Windows Codepage Interactions with Standard C/C++ filenames? - c++

A customer is complaining that our code used to write files with Japanese characters in the filename but no longer works in all cases. We have always just used good old char * strings to represent filenames, so it came as a bit of a shock to me that it ever worked, and we haven't done anything I am aware of that should have made it stop working. I had them send me a file with an embedded filename in it exported from our software, and it looks like the strings use hex characters 82 and 83 as the first character of a double-byte sequence to represent the Japanese characters. Poking around online leads me to believe this is probably SHIFT_JIS and/or Windows codepage 932.
It looks to me like what is happening is previously both fopen and ofstream::open accepted filenames using this codepage; now only fopen does. I've checked the Visual Studio fopen docs, and I see no hint of what makes an acceptable string to pass to fopen.
In the short run, I'm hoping someone can shed some light on the specific Windows fopen versus ofstream::open issue for me. In the long run, I'd really like to know the accepted way of opening Unicode (and other?) filenames in C++, on Windows, Linux, and OS X.
Edited to add: I believe that the opens that work are done in the "C" locale, whereas the ones that do not work are done in whatever the customer's default locale is. However, that has been the case for years now, and the old version of the program still works today on their system, so this seems a longshot for explaining the issue we are seeing.
Update: I sent off a small test program to the customer. It has verified that fopen works fine with the SHIFT_JIS filename, and std::ofstream does not. This is in Visual Studio 2005, and happened regardless of whether I used the default locale or the "C" locale.
I'm still interested if anyone has an explanation for this behavior (and why it mysteriously changed -- perhaps a service pack of VS2005?) and hoping to put together a comprehensive "best practices" for handling Unicode filenames in portable C++ code.

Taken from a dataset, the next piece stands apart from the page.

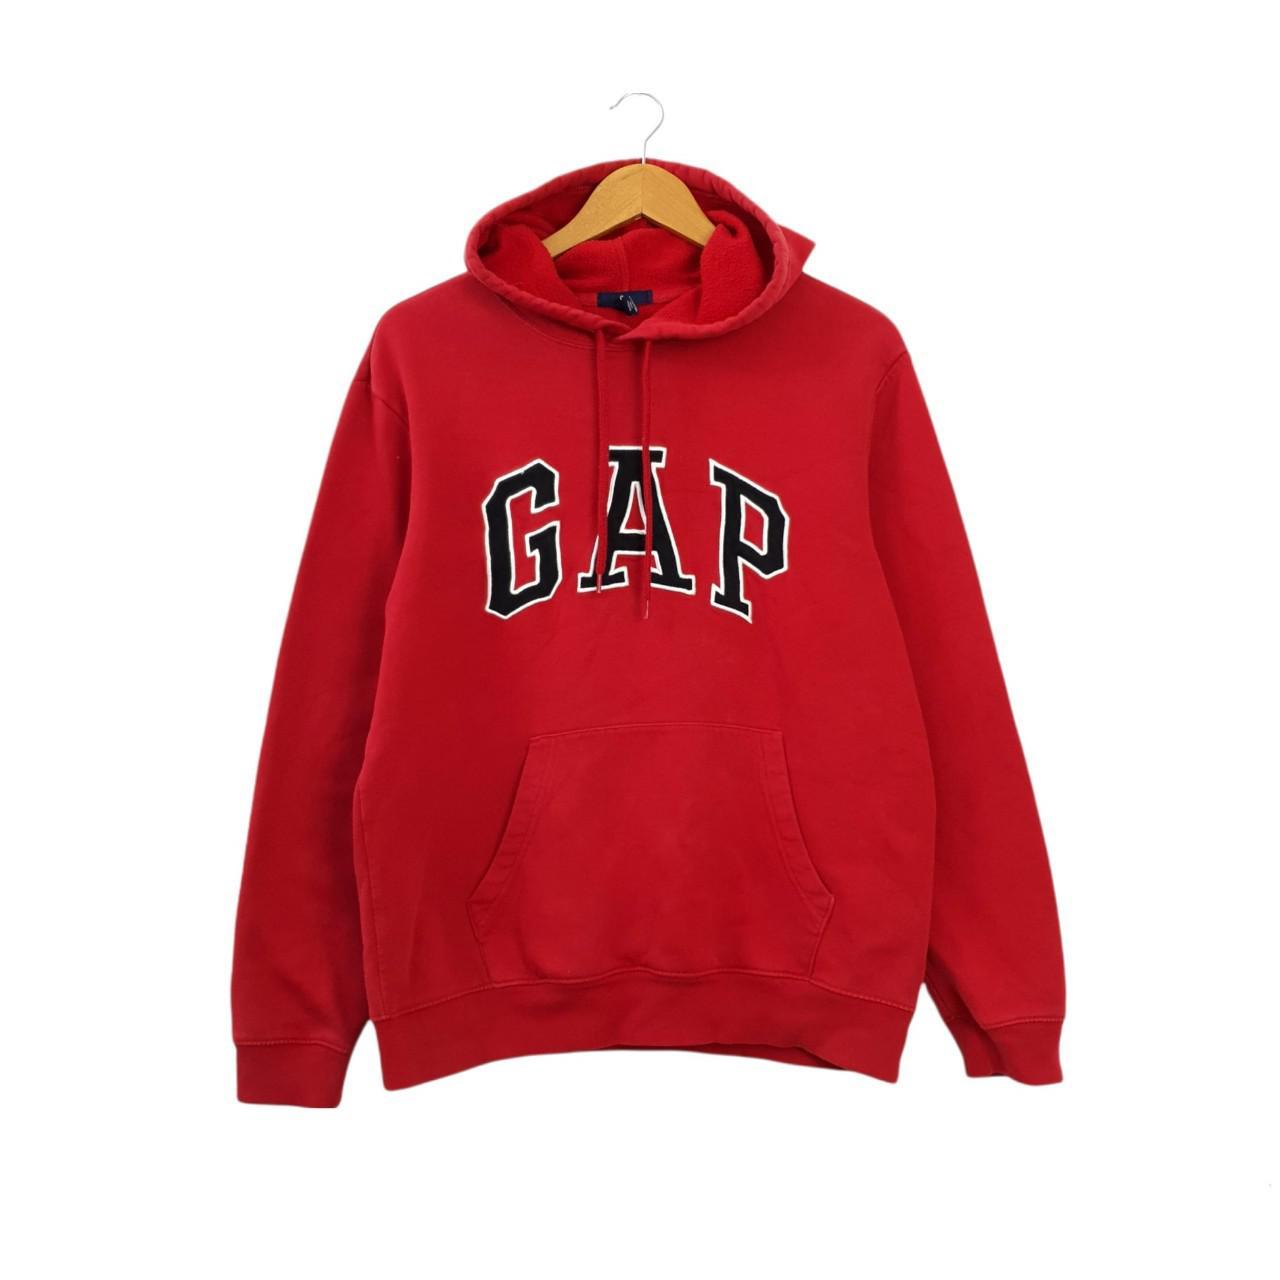 Vintage 90s Gap hoodie size medium - excellent... - Depop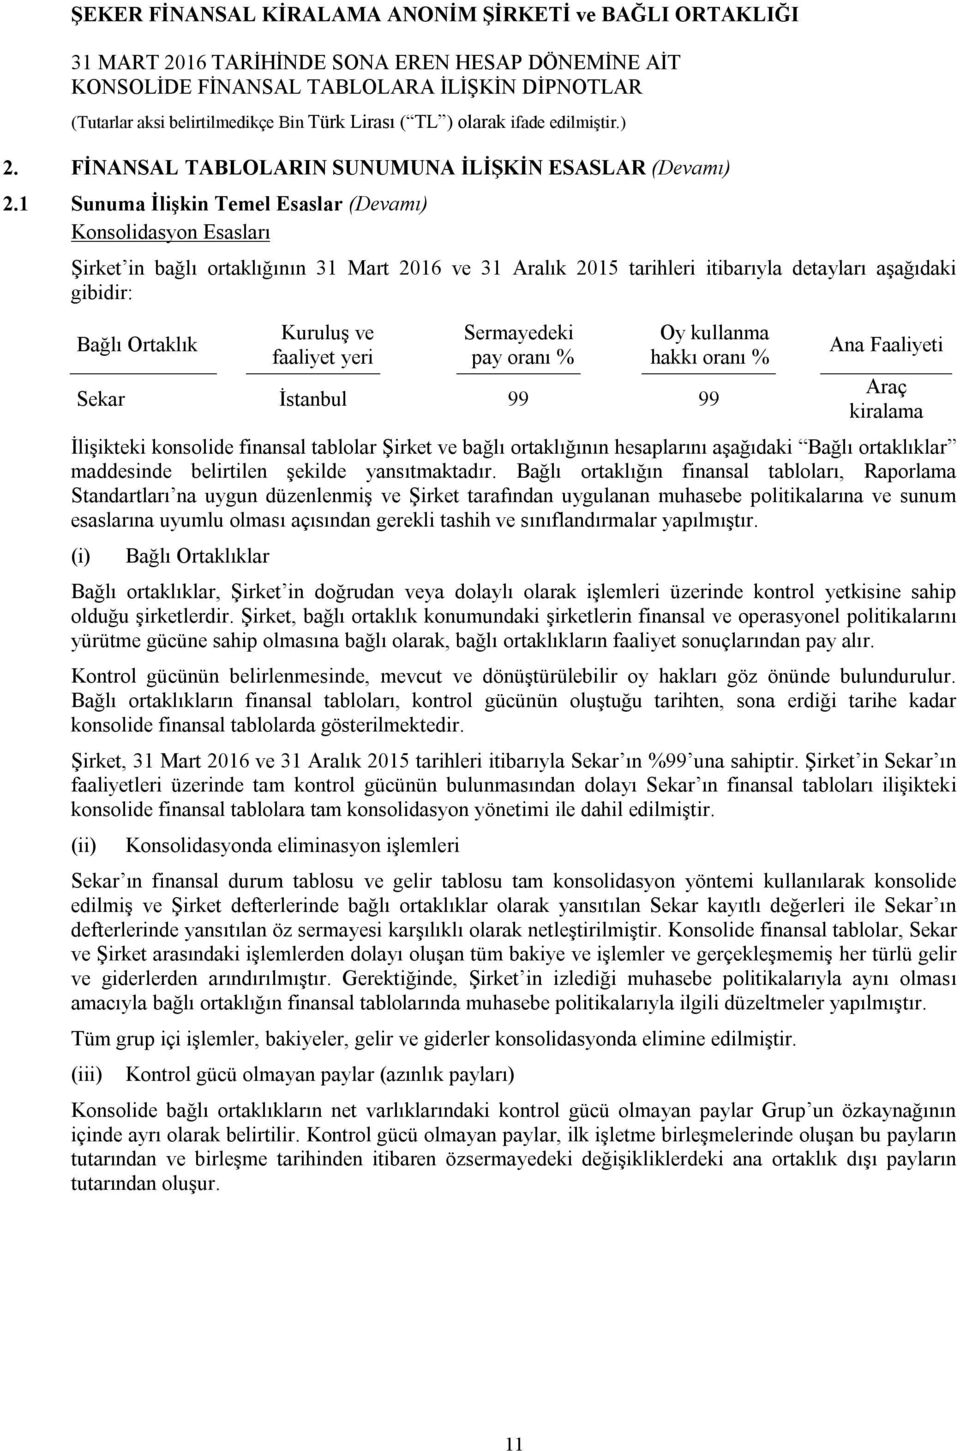 faaliyet yeri Sermayedeki pay oranı % Oy kullanma hakkı oranı % Sekar İstanbul 99 99 Ana Faaliyeti Araç kiralama İlişikteki konsolide finansal tablolar Şirket ve bağlı ortaklığının hesaplarını

Functions like fopen or ofstream::open take the file name as char *, but that is interpreted as being in the system code page.
It means that it can be a Japanese character represented as Shift-JIS (cp932), or Chinese Simplified (Big 5/cp936), Korean, Arabic, Russian, you name it (as long as it matches the OS system code page).
It also means that it can use Japanese file names on a Japanese system only.
Change the system code page and the application "stops working"
I suspect this is what happens here (no big changes in Windows since Win 2000, in this area).
This is how you change the system code page: http://www.mihai-nita.net/article.php?artID=20050611a
In the long run you might consider moving to Unicode (and using _wfopen, wofstream).

I'm not aware of any portable way of using unicode files using default system libraries. But there are some frameworks that provide portable functions, for example:
for C: glib uses filenames in UTF-8;
for C++: glibmm also uses filenames in UTF-8, requires glib;
for C++: boost can use wstring for filenames.
I'm pretty sure .NET/mono frameworks also do contain portable filesystem functions, but I don't know them.

Is somebody still watching this? I've just researched this question and found no answers anywhere, so I can try to explain my findings here.
In VS2005 the fstream filename handling is the odd man out: it doesn't use the system default encoding, the one you get with GetACP and set in Control Panel/Region and Language/Administrative. But always CP 1252 -- I believe.
This can cause big confusion, and Microsoft has removed this quirk in later VS versions.
All workarounds for VS2005 have their drawbacks:
Convert your code to use Unicode everywhere
Never open fstreams using narrow character filenames, always convert to them to Unicode using the system default encoding yourself, the use wide character filename open/ctor
Retrieve the codepage using GetACP(), then do a
matching setlocale:
setlocale (LC_ALL, ("." + lexical_cast<string> (GetACP())).c_str())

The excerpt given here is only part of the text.